- [YOUR OBJECTIVE]: From the line with "Kanlux Kit complete" through the line with "miuma-bolso-marron-piel-tachas-complemento-moda-cambrils", inclusive, return each line of the data below exactly and leave the rest out.
Top of GIVEN DATA
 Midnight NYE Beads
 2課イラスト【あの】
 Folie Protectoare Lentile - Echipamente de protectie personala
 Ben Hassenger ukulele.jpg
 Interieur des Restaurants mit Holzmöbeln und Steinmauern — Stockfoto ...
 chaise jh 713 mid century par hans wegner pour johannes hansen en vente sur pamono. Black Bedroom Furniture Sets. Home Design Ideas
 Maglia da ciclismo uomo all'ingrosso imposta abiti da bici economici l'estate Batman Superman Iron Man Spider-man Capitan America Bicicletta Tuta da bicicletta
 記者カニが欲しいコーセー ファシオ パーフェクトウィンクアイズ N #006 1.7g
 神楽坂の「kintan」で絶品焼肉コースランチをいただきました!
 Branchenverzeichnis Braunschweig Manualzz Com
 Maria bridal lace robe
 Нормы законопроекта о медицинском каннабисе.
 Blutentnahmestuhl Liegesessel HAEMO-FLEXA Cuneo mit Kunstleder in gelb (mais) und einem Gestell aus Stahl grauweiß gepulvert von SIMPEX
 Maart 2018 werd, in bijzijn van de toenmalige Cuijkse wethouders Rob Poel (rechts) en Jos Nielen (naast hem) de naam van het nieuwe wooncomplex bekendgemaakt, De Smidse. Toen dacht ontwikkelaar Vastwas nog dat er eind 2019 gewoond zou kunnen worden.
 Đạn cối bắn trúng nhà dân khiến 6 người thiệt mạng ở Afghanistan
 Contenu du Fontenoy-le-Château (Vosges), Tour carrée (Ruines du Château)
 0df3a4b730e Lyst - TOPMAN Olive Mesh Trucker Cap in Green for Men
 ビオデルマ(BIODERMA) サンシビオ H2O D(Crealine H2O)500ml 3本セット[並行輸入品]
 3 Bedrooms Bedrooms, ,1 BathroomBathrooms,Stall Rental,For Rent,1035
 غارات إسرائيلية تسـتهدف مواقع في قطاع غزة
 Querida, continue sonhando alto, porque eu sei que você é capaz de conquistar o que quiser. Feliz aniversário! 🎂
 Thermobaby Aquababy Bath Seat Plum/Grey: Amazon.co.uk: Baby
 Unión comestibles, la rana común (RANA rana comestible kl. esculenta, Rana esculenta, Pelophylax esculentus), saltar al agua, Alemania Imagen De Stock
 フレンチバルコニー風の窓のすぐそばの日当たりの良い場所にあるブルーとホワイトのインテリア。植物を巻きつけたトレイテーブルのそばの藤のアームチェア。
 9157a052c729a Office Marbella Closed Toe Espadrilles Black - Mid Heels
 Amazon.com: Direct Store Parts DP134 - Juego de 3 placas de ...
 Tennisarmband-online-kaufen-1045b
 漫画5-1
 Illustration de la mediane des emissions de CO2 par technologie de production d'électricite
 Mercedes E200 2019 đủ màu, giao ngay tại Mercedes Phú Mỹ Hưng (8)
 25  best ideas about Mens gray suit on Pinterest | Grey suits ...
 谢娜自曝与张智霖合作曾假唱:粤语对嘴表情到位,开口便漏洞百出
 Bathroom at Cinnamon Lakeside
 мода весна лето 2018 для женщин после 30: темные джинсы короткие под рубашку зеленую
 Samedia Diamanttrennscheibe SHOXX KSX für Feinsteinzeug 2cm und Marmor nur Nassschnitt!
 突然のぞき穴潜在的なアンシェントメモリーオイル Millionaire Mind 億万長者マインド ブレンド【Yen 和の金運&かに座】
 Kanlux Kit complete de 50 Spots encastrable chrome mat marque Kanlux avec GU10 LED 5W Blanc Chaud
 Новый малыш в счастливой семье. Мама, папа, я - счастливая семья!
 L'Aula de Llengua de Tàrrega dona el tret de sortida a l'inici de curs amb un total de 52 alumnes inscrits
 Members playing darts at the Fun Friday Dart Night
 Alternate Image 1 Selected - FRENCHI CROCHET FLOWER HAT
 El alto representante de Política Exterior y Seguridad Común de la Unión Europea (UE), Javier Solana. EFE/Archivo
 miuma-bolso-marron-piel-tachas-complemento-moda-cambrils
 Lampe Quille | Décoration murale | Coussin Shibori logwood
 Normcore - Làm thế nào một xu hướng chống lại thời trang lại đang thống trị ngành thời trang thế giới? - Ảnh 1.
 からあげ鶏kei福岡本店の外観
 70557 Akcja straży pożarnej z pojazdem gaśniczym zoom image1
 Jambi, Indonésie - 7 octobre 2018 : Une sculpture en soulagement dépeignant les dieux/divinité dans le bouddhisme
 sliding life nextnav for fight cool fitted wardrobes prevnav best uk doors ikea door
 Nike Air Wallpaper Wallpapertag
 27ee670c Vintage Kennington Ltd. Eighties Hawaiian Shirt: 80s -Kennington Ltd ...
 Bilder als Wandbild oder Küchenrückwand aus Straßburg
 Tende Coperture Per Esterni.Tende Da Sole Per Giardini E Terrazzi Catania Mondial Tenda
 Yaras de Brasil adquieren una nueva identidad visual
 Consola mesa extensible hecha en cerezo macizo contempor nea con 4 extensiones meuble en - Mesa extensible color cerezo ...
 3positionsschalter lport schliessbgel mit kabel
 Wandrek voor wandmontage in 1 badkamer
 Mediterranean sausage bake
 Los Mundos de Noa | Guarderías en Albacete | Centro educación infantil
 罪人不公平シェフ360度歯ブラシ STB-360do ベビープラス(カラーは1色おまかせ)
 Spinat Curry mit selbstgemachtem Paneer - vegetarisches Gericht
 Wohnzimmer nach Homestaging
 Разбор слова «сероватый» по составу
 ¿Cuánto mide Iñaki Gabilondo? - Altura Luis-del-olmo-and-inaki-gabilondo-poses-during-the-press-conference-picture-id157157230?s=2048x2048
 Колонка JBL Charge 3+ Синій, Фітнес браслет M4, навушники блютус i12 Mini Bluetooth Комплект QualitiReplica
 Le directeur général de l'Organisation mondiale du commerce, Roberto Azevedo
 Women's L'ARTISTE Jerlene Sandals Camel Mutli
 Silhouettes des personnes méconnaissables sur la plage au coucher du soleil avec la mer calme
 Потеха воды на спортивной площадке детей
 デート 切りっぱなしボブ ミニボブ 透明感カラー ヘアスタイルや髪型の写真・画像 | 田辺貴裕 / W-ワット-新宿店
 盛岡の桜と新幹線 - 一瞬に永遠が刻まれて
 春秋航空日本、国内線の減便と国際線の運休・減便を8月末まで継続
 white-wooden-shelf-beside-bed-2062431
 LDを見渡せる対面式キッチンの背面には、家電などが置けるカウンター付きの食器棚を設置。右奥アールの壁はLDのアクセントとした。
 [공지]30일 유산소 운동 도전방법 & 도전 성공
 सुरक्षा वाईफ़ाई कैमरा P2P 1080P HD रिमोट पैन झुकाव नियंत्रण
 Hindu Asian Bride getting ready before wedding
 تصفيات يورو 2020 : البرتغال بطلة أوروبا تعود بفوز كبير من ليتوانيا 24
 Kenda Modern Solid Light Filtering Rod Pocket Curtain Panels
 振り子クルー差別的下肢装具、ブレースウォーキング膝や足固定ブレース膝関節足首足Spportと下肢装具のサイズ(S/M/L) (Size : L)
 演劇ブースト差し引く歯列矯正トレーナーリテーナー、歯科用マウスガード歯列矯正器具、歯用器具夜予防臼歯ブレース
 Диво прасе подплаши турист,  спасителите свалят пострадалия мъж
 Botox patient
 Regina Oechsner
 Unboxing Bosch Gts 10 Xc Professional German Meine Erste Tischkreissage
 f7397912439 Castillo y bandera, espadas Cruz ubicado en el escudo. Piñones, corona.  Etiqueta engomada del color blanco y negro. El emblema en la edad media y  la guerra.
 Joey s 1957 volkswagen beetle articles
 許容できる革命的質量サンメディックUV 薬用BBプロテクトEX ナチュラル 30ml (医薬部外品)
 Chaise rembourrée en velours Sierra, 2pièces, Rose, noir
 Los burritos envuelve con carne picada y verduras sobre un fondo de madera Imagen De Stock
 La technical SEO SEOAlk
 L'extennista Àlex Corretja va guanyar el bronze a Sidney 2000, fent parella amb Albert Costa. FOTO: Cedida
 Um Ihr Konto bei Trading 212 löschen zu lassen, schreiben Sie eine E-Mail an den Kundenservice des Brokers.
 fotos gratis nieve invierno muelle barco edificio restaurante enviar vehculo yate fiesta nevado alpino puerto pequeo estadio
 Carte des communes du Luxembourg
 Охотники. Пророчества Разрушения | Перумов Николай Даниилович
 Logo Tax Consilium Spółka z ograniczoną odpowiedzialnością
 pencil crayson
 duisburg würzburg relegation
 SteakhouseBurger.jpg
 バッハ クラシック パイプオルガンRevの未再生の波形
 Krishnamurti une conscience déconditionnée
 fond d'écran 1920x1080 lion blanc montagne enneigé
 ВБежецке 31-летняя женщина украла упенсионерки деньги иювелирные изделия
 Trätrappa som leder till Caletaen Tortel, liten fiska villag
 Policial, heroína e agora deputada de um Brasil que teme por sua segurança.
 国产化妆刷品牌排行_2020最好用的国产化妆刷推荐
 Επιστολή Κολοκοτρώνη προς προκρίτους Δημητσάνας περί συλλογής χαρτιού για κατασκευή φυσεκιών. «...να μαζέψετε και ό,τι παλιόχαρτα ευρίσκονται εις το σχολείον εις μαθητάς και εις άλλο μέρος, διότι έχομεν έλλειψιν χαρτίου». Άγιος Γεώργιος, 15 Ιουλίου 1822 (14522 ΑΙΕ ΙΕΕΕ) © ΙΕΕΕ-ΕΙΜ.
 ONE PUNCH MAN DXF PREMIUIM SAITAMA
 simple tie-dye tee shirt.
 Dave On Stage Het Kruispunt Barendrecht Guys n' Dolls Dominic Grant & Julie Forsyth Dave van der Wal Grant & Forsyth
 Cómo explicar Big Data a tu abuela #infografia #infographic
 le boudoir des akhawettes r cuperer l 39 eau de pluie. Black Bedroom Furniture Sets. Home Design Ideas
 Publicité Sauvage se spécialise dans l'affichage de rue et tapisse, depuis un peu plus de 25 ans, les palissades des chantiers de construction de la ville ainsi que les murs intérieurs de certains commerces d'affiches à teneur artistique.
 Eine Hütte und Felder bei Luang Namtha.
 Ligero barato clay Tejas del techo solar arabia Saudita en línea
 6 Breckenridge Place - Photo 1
Bottom of GIVEN DATA
- [OUTPUT OF THE EXERCISE]:
 Kanlux Kit complete de 50 Spots encastrable chrome mat marque Kanlux avec GU10 LED 5W Blanc Chaud
 Новый малыш в счастливой семье. Мама, папа, я - счастливая семья!
 L'Aula de Llengua de Tàrrega dona el tret de sortida a l'inici de curs amb un total de 52 alumnes inscrits
 Members playing darts at the Fun Friday Dart Night
 Alternate Image 1 Selected - FRENCHI CROCHET FLOWER HAT
 El alto representante de Política Exterior y Seguridad Común de la Unión Europea (UE), Javier Solana. EFE/Archivo
 miuma-bolso-marron-piel-tachas-complemento-moda-cambrils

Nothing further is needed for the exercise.